__Work instructions__
A verbatim copy is needed of the lines below from the one containing "POLO RALPH LAUREN" up to and including the one containing "Amazon To eBay Dropshipping - GrowthDevil", excluding pictures.

__Data__
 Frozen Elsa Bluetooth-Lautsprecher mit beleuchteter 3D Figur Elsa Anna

* * *

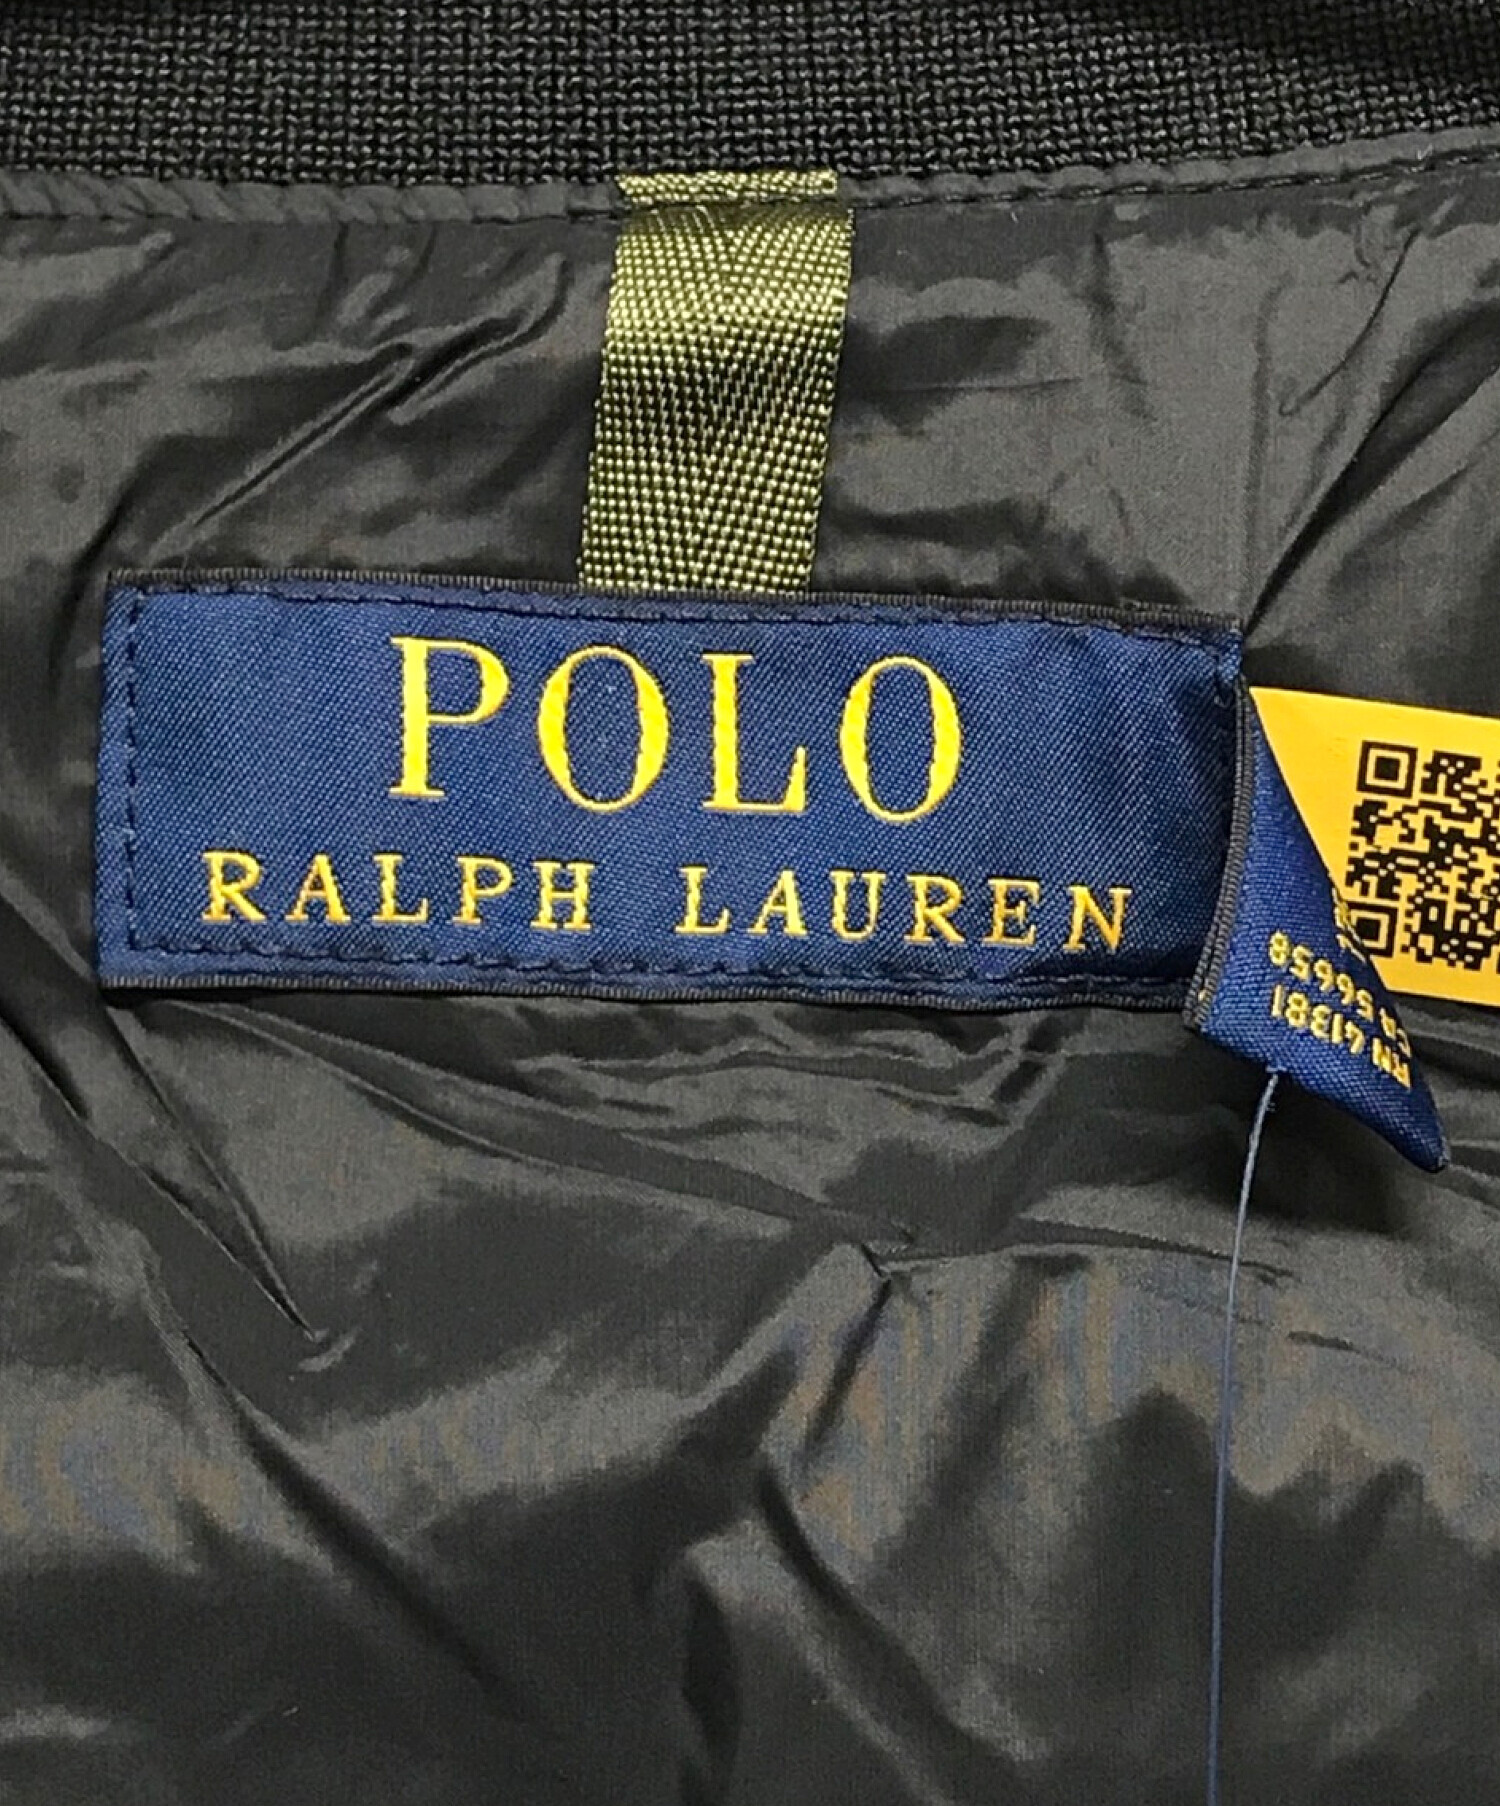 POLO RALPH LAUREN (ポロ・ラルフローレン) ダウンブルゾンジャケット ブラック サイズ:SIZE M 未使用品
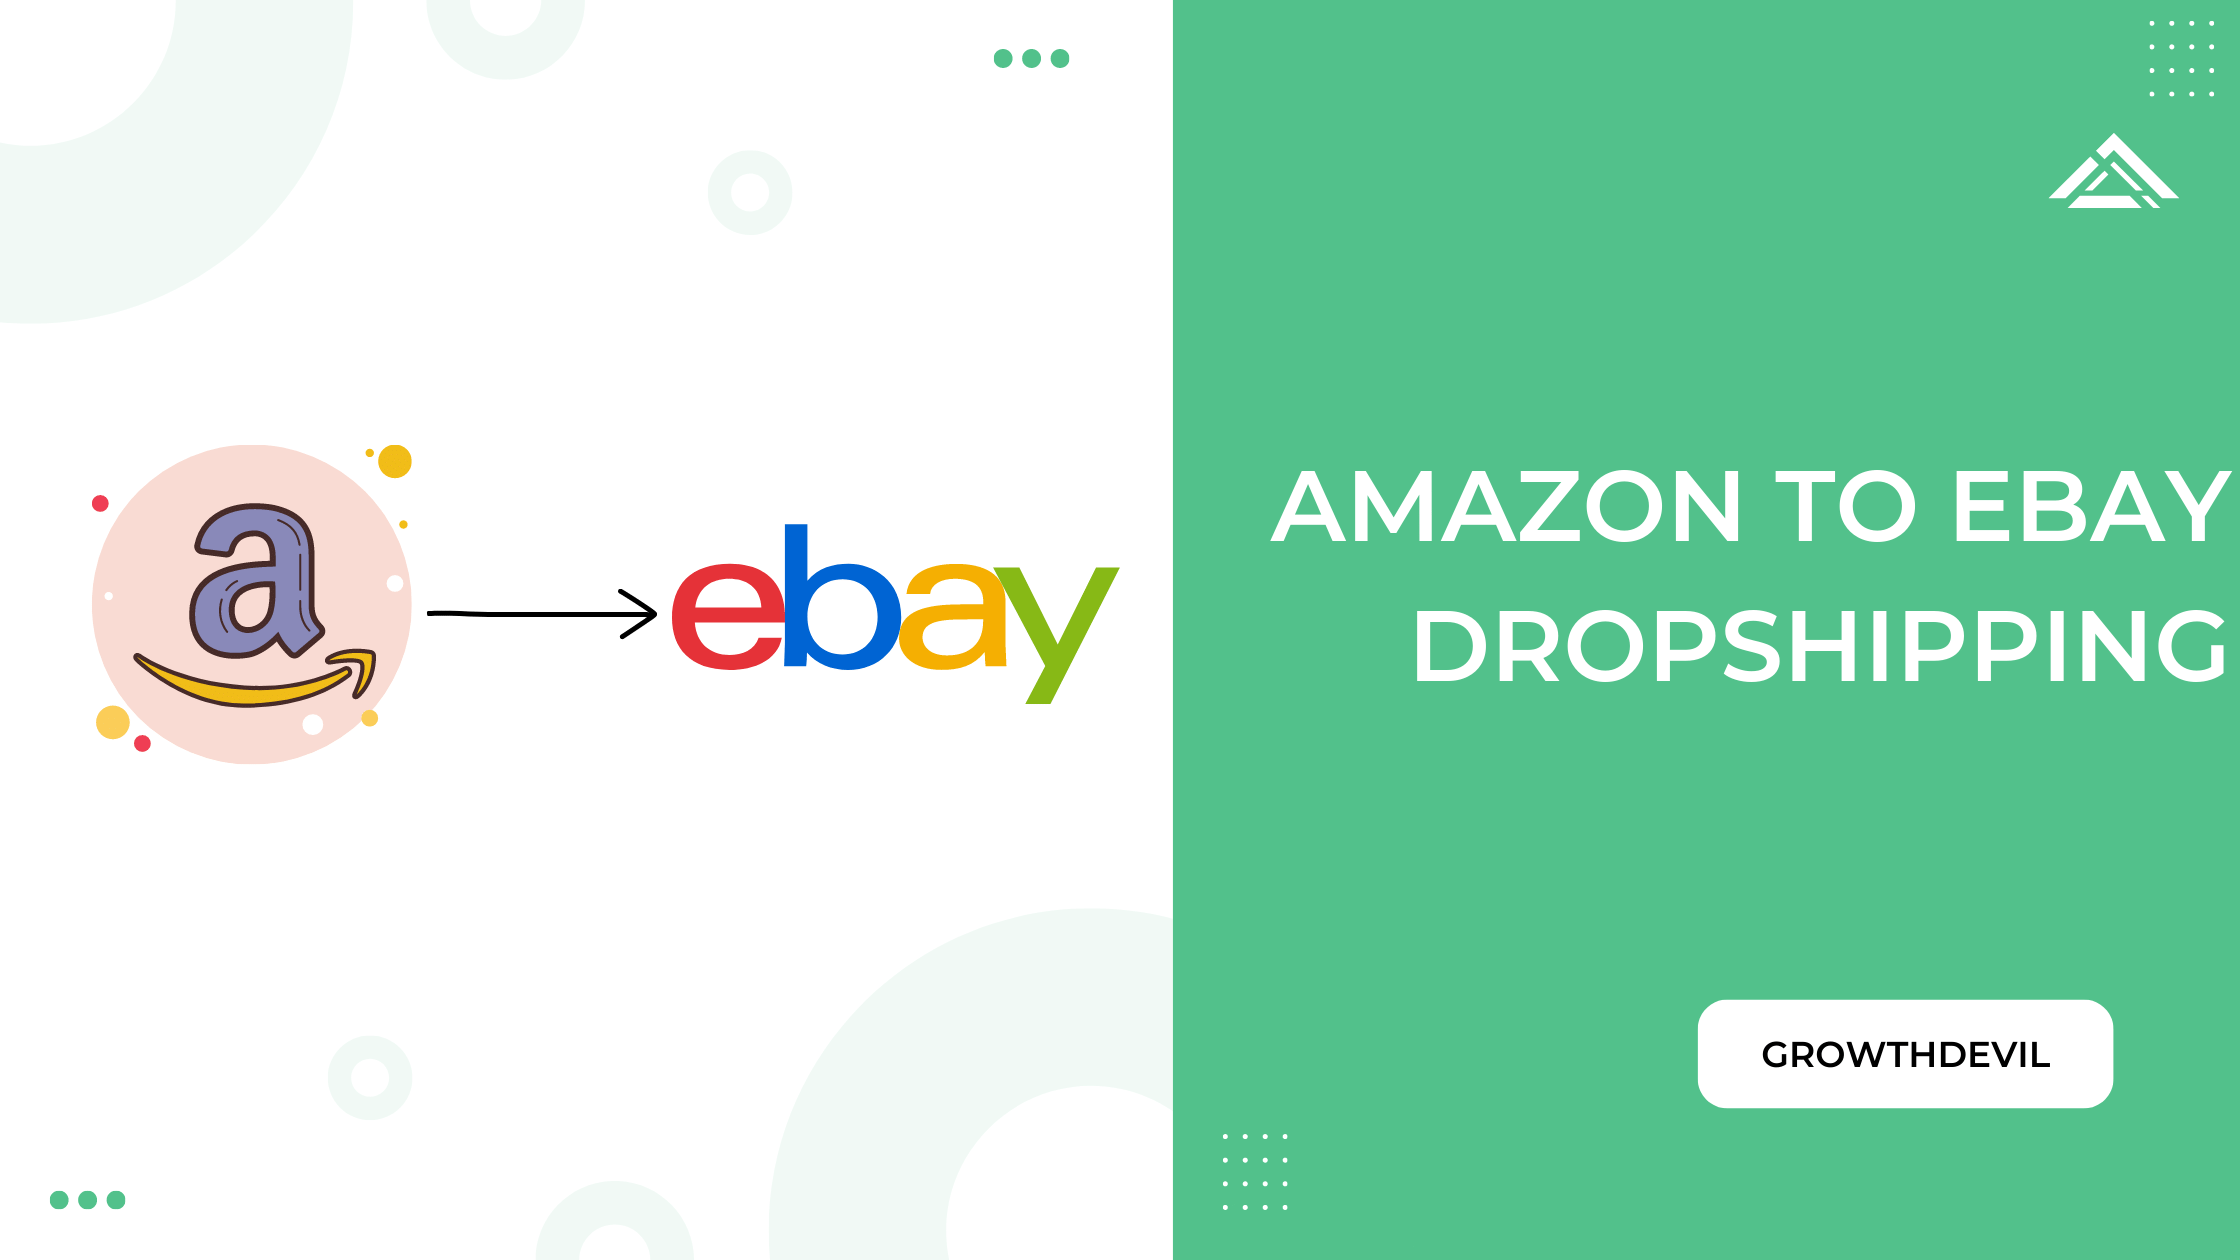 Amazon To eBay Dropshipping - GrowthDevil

__Your solution__
 POLO RALPH LAUREN (ポロ・ラルフローレン) ダウンブルゾンジャケット ブラック サイズ:SIZE M 未使用品
 Amazon To eBay Dropshipping - GrowthDevil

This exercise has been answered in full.